From the line containing "1080x1920 Red lightning" to the last line of the data below, copy everything exactly and nothing else; pictures stay out.

:: AVAILABLE DATA ::
════════
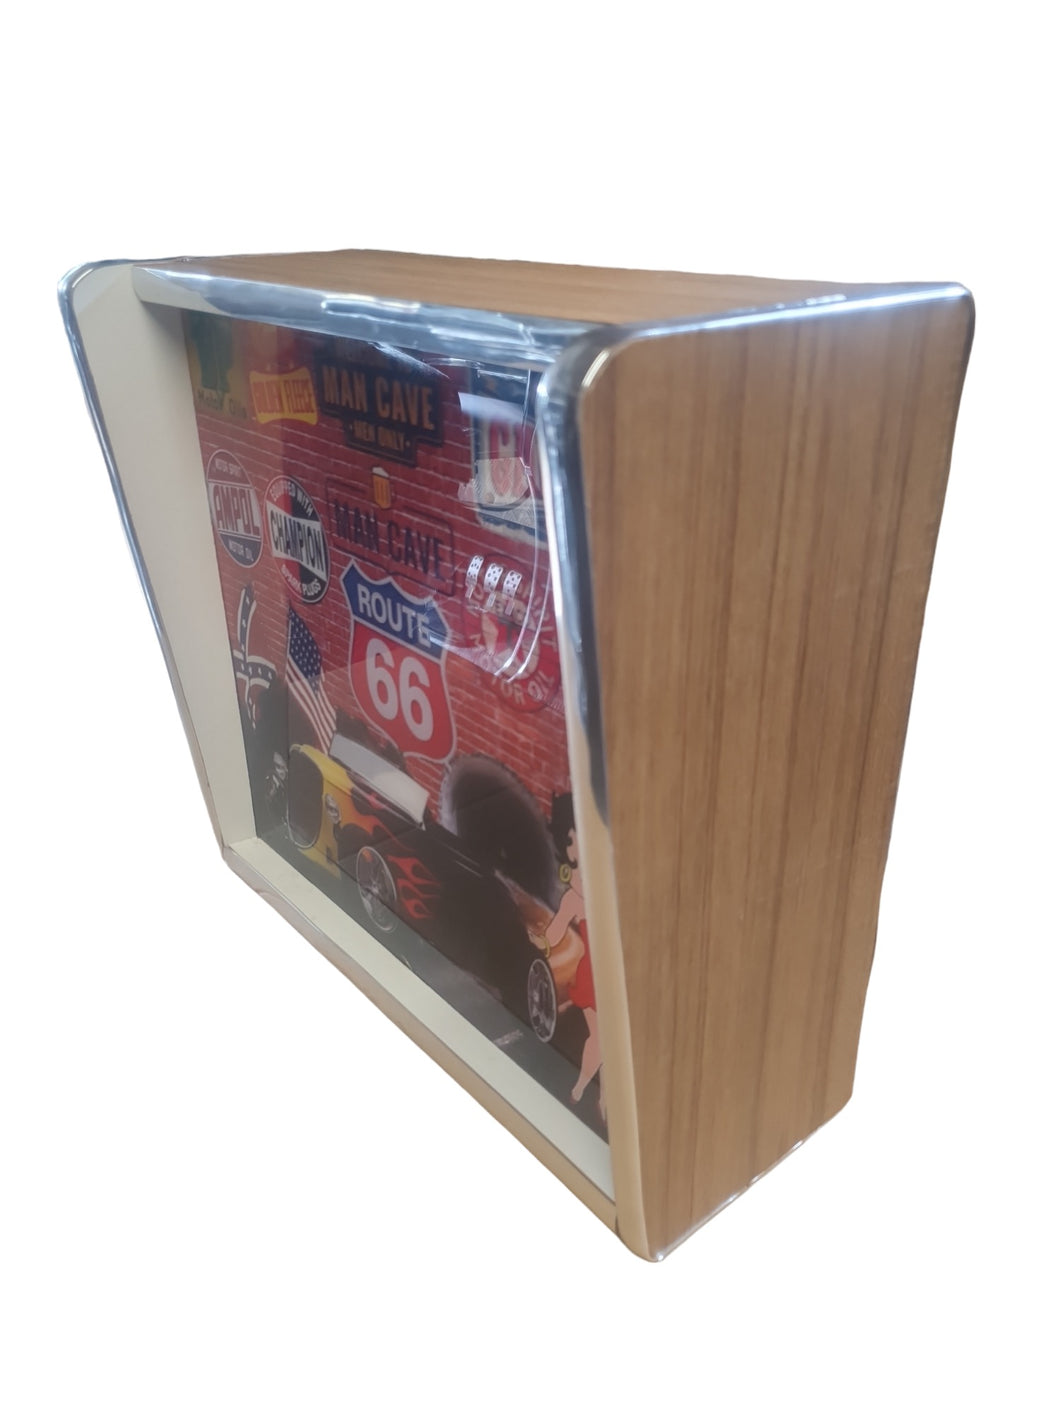 Route 66 Pinball Head LED Display light box with woodgrain
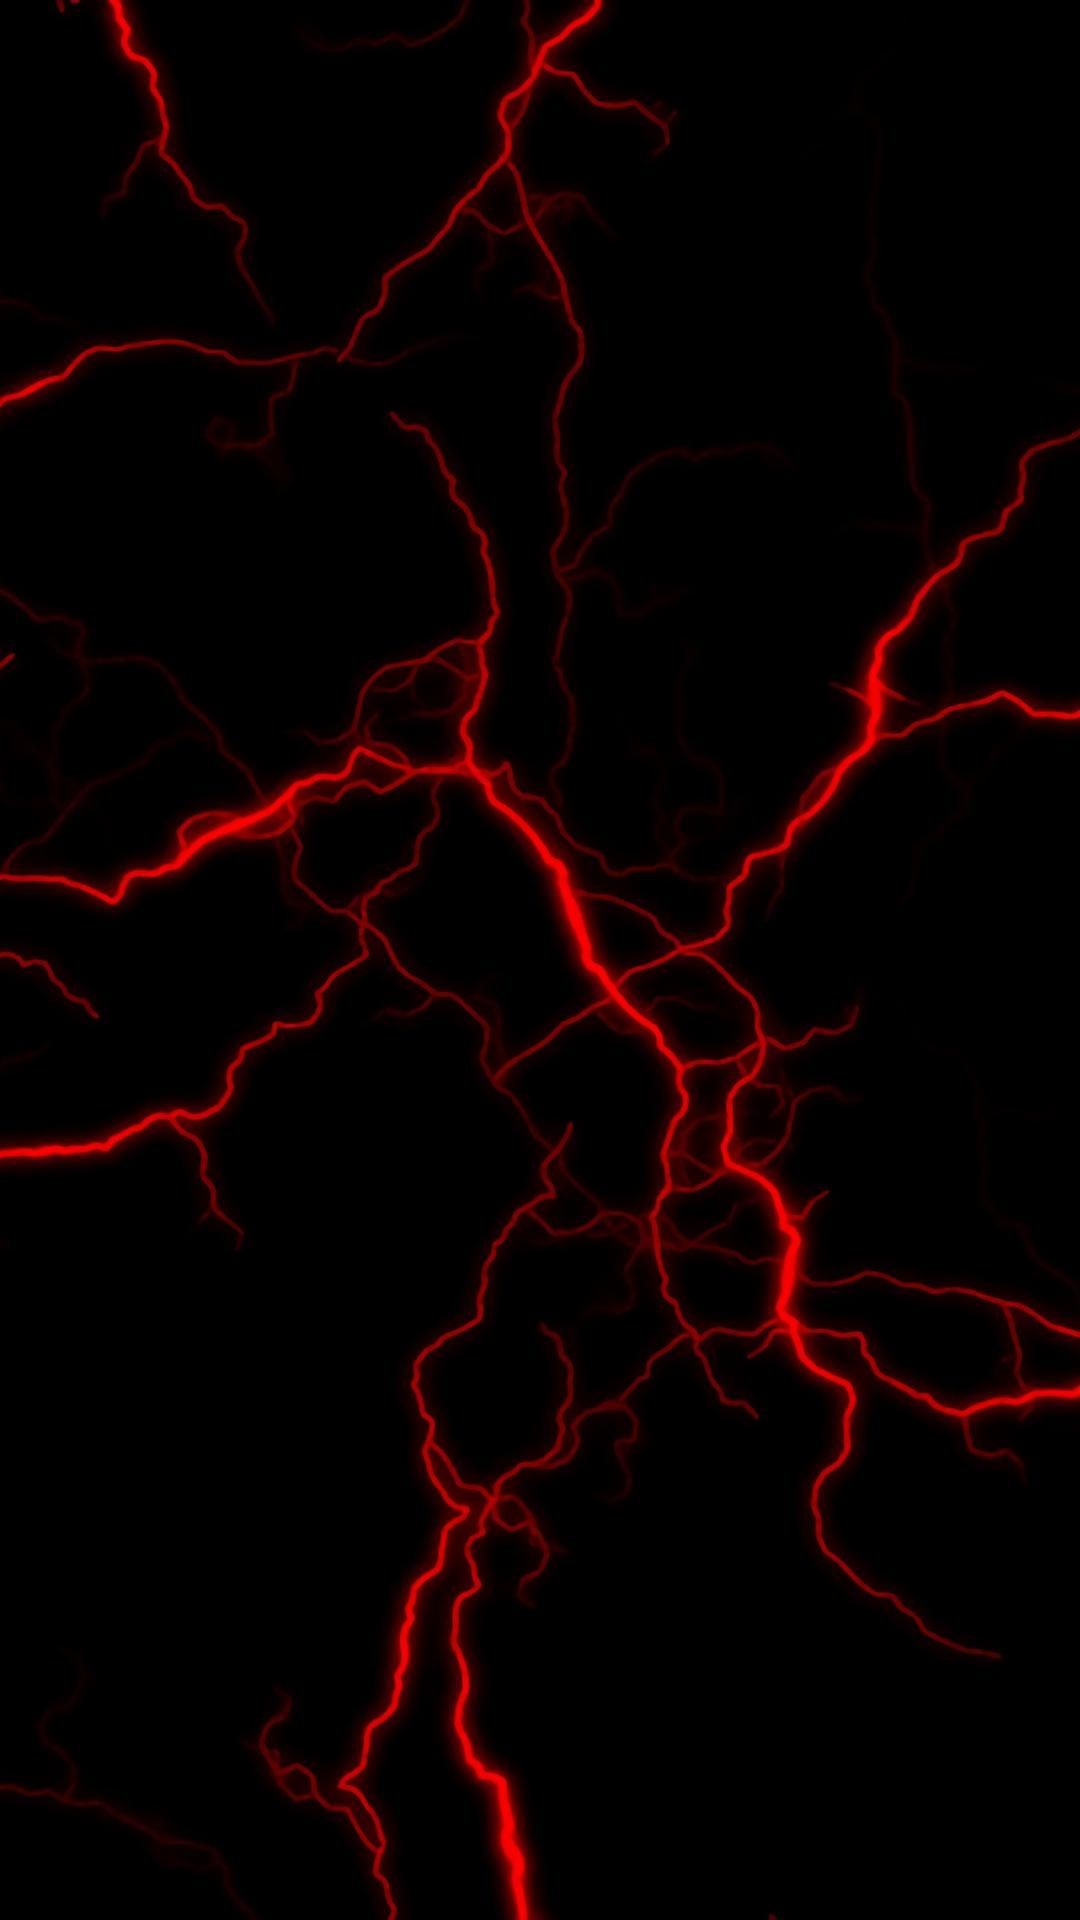 1080x1920 Red lightning bolt wallpaper, background
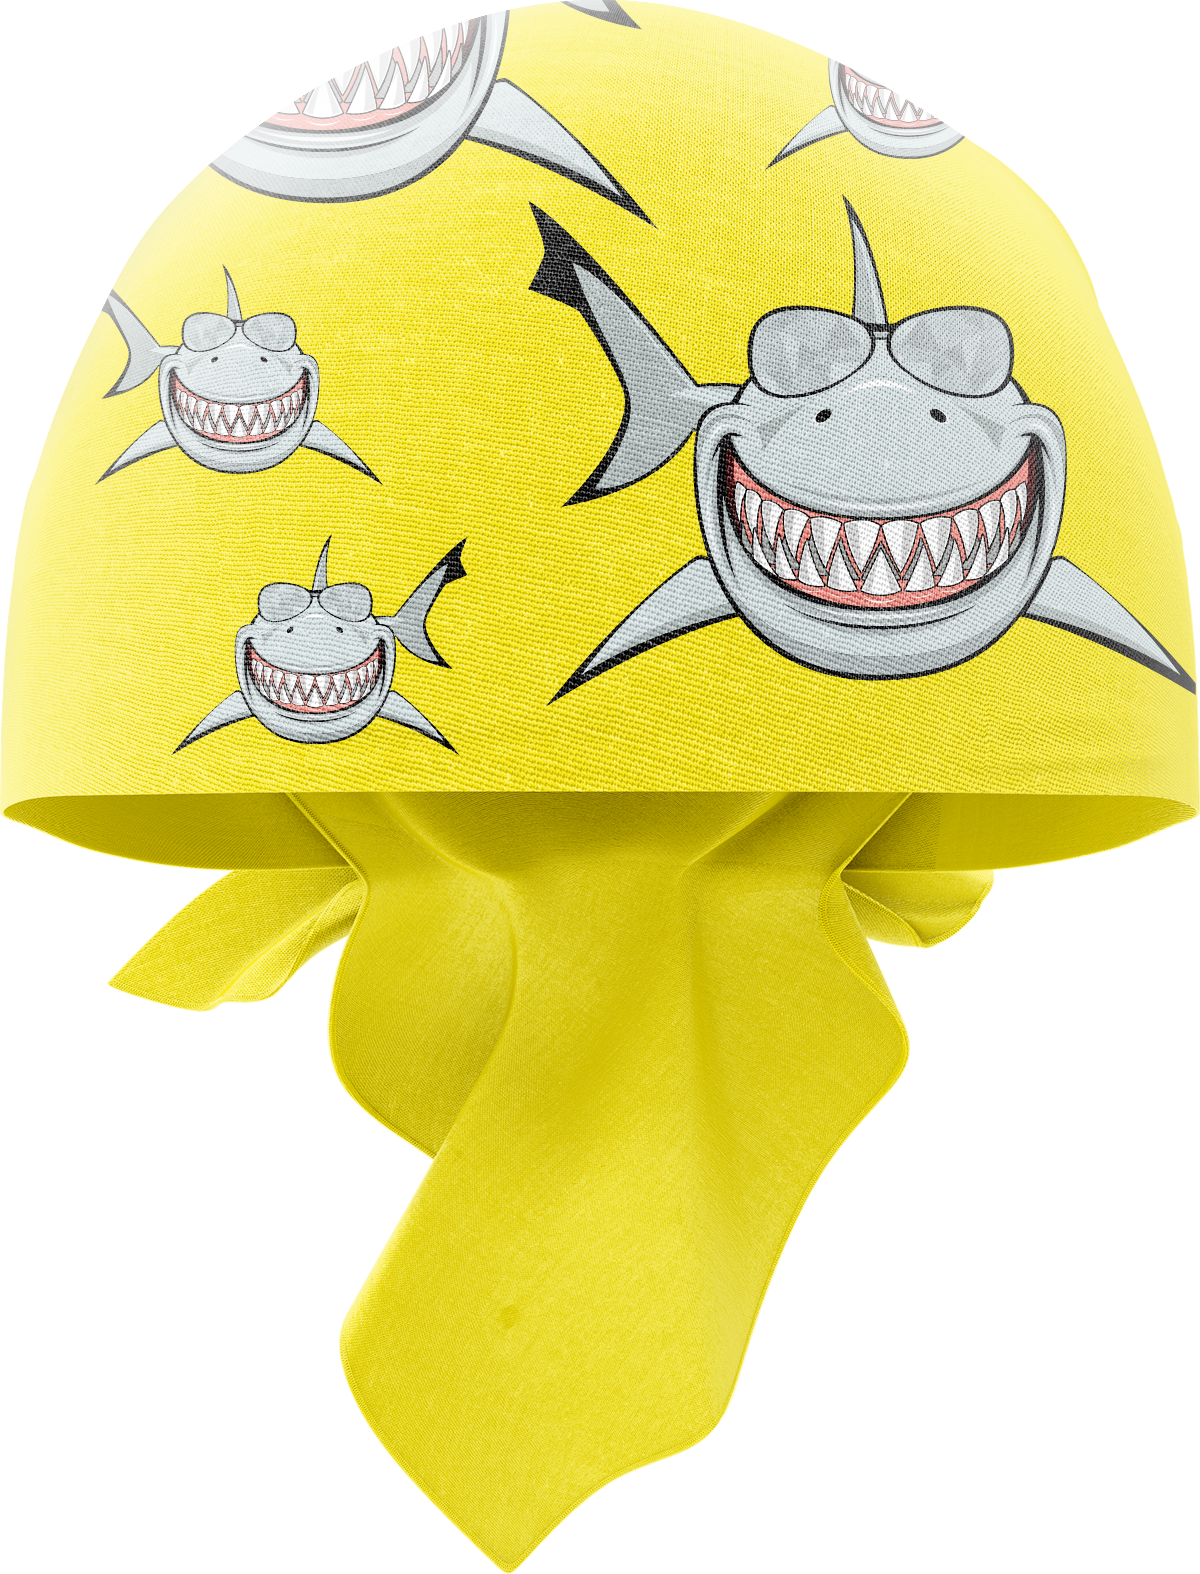 Snazzy Shark Bandannas
════════
:: RESPONSE AREA ::
 1080x1920 Red lightning bolt wallpaper, background
 Snazzy Shark Bandannas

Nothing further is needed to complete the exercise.